Part II: Retrieving Data Chapter 6: Subqueries and Derived Tables

Chapter 6: Subqueries and Derived Tables

Complex business questions often require breaking problems into smaller, composable parts. SQL subqueries and derived tables—sometimes called inline views—offer a clean way to nest queries, test membership, and encapsulate logic. In this chapter, you’ll learn how to:

Write scalar and correlated subqueries
Use EXISTS and NOT EXISTS for efficient membership tests
Create derived tables for readability and modularity
Nest queries to filter data based on other query results

By the end, you’ll tackle multi-step analyses with maintainable, self-documenting SQL.
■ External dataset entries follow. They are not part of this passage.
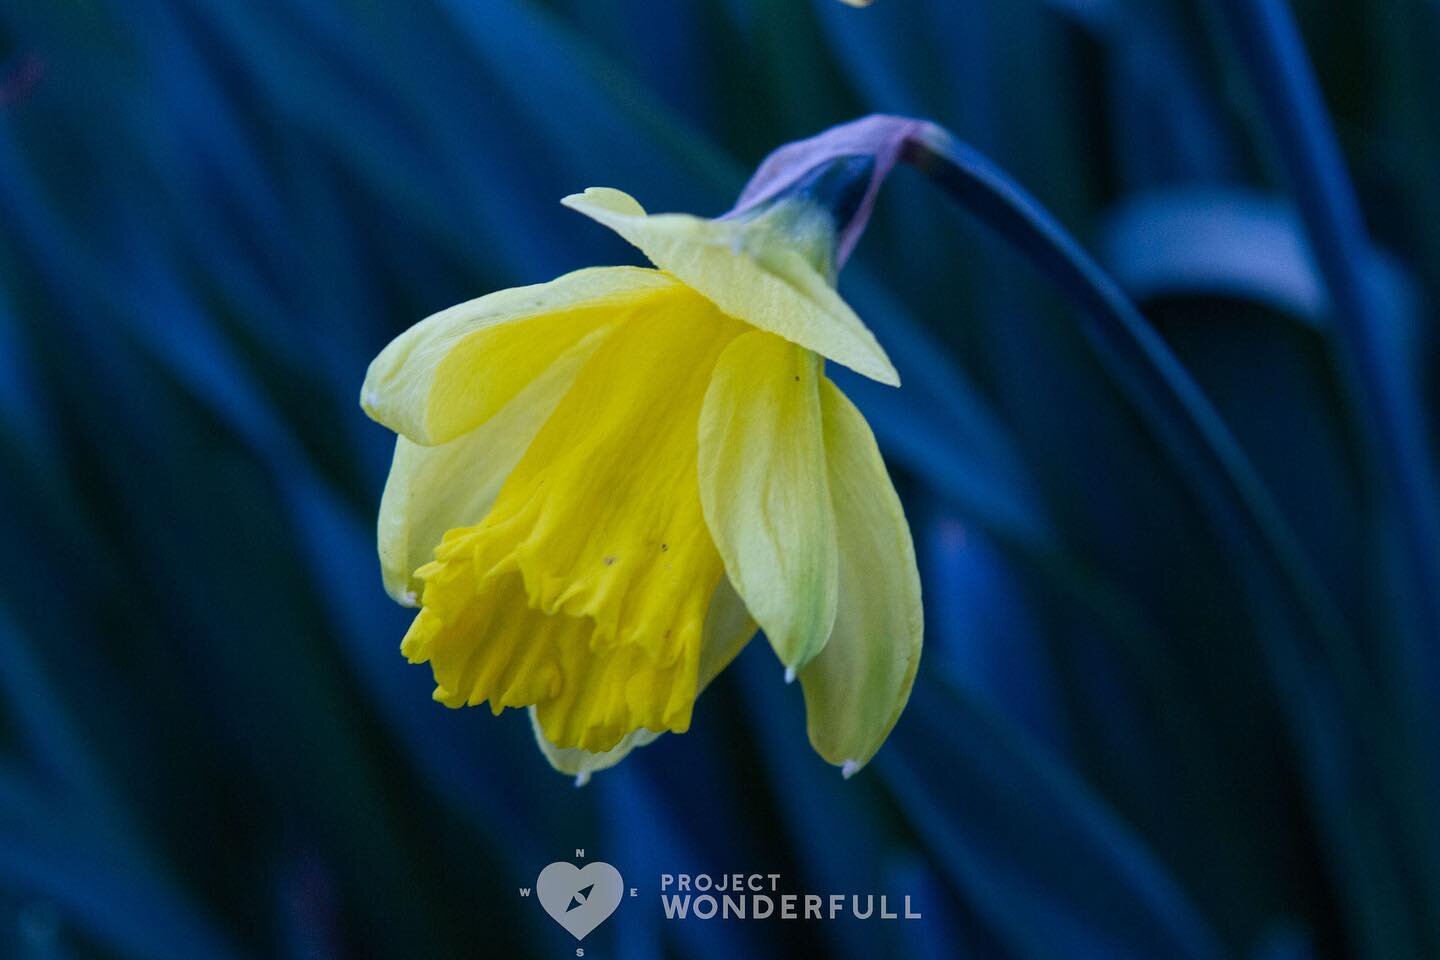 Signs of Spring make me smile&hellip; So sharing this one in hopes that it makes you smile, too. 

#beautybringssmiles 

Today&rsquo;s WonderFULL: Expressive Daffodil.

(Ridgewood,NJ) 

Today&rsquo;s MindFULL: Take a 10 minute walk today in nature an
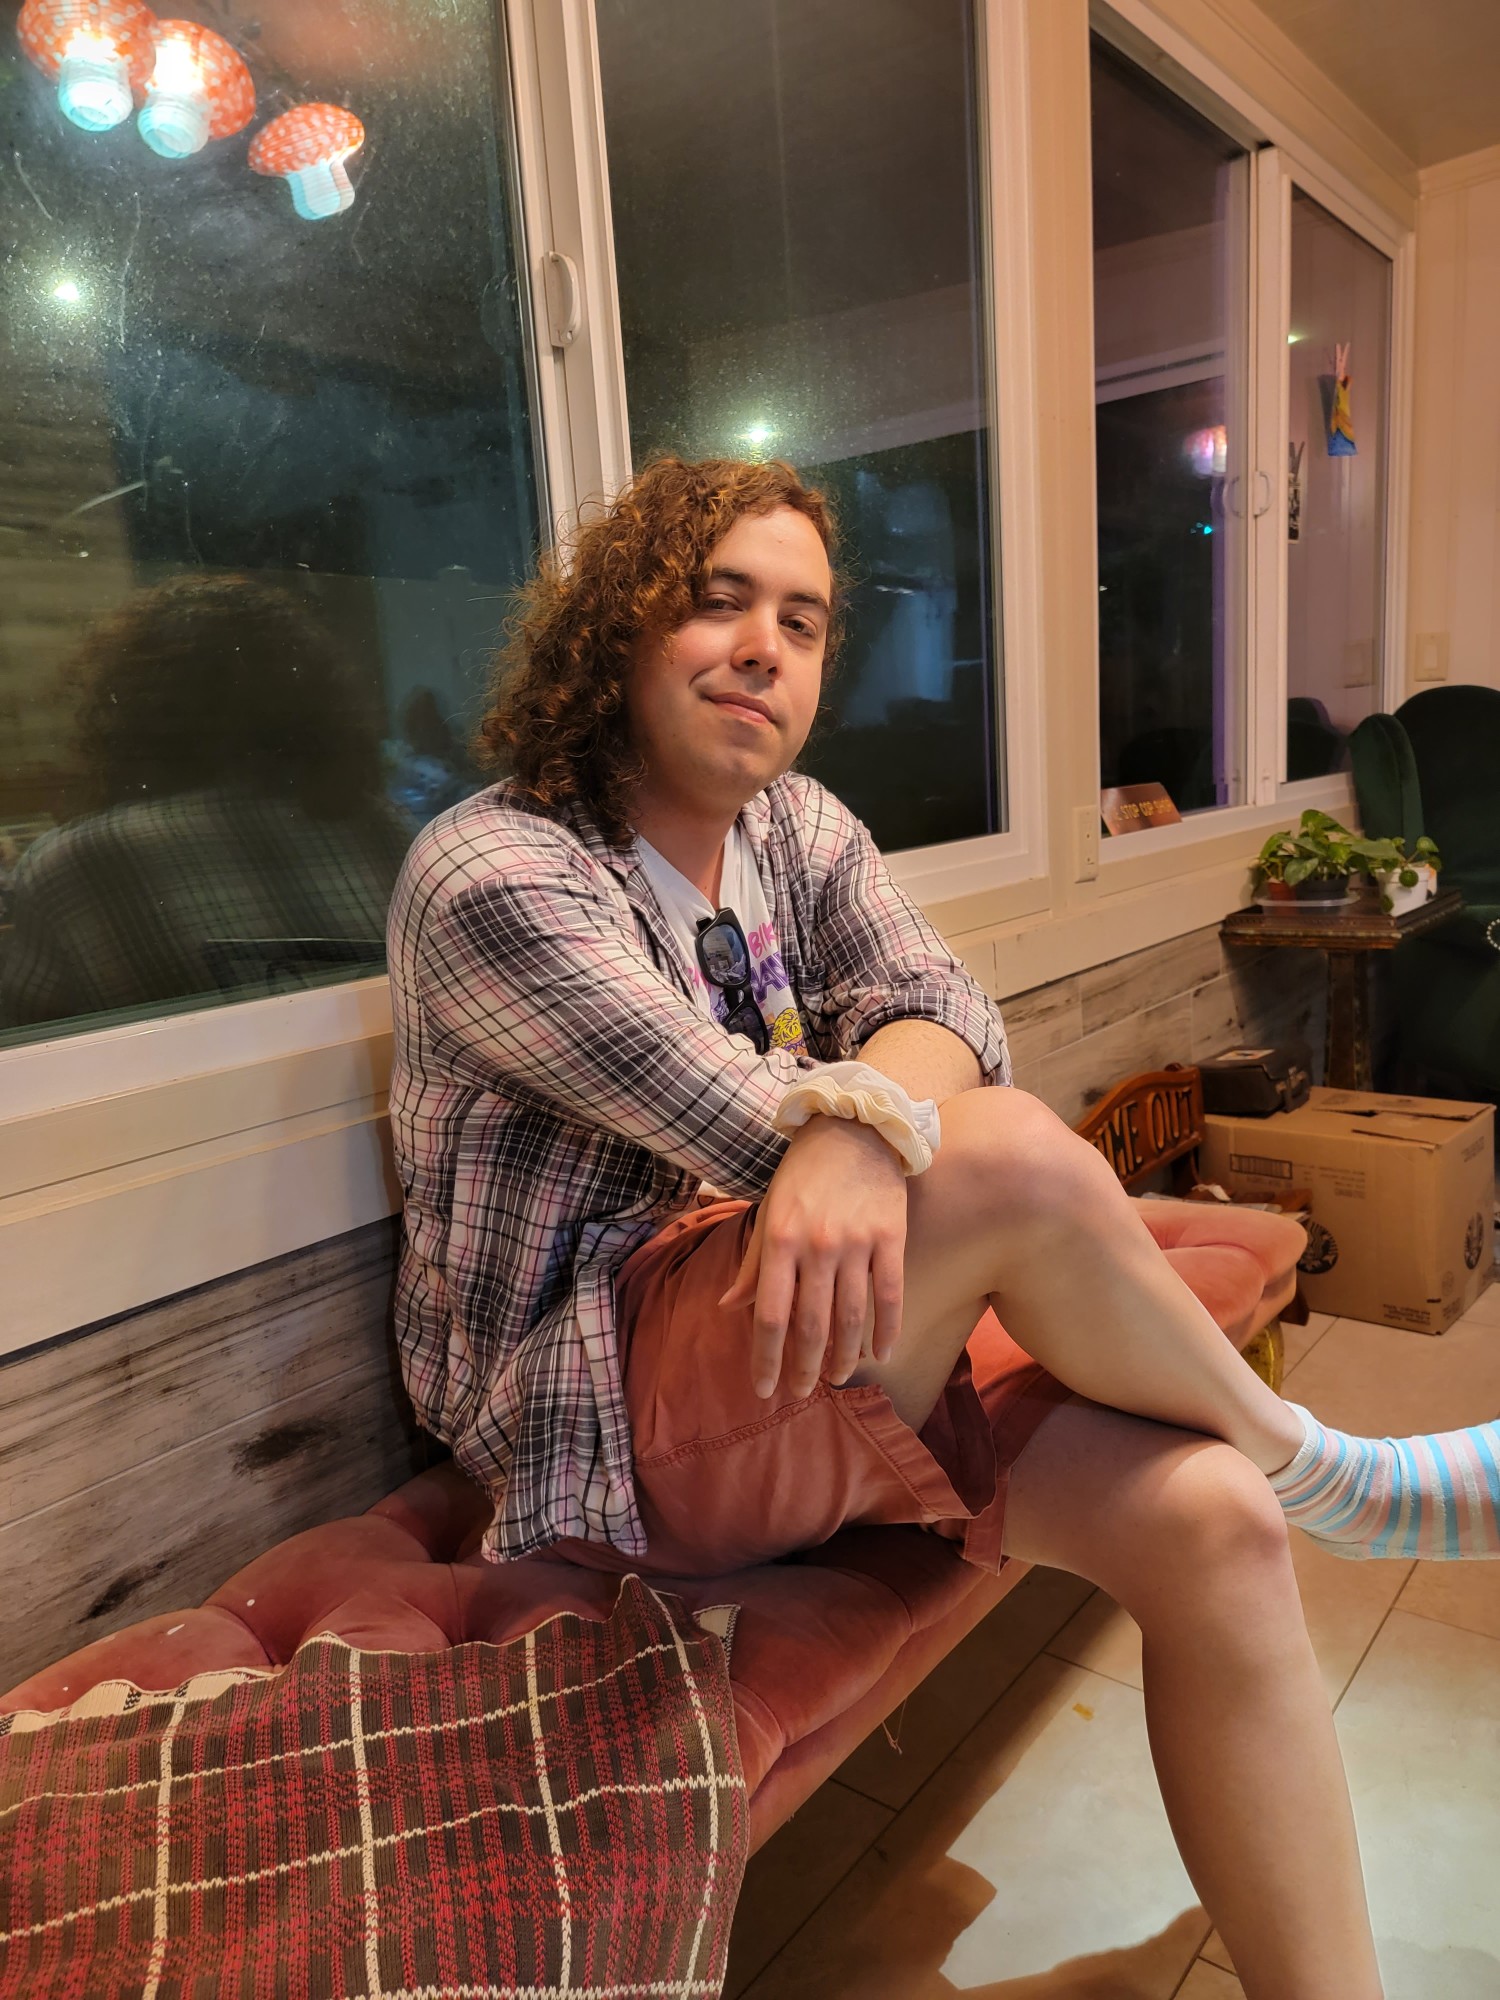 Kass is shown seated cross-legged on a cushioned bench with windows behind her, facing the camera at a three-quarter angle. She is wearing orange shorts, a grey plaid button down, unbuttoned with a white t shirt underneath it. Her brown curly hair is loose over her shoulder, with a white scrunchie on her wrist closest to the camera.

1. Understanding Subqueries

A subquery is a query enclosed in parentheses that returns data to the outer (parent) query. There are two main flavors:

Scalar subqueries return a single value.
Correlated subqueries reference columns from the outer query and re-execute per row.

1.1 Scalar Subqueries

Use scalar subqueries when you need a single aggregated or computed value:

sql

SELECT
  o.order_id,
  o.total_amount,
  (
    SELECT AVG(total_amount)
    FROM orders
  ) AS avg_order
FROM orders o
WHERE o.order_date = CURRENT_DATE;

Here, the subquery computes the overall average just once and attaches it to every row. Scalar subqueries must return exactly one column and at most one row; otherwise you’ll get errors.

1.2 Correlated Subqueries

A correlated subquery runs once for each row of the outer query, referencing one or more outer columns:

sql

SELECT
  e.employee_id,
  e.name,
  (
    SELECT COUNT(*)
    FROM orders o
    WHERE o.sales_rep_id = e.employee_id
  ) AS orders_count
FROM employees e;

For each employee, the subquery counts how many orders they handled. While powerful, correlated subqueries can be slower on large tables because they execute repeatedly.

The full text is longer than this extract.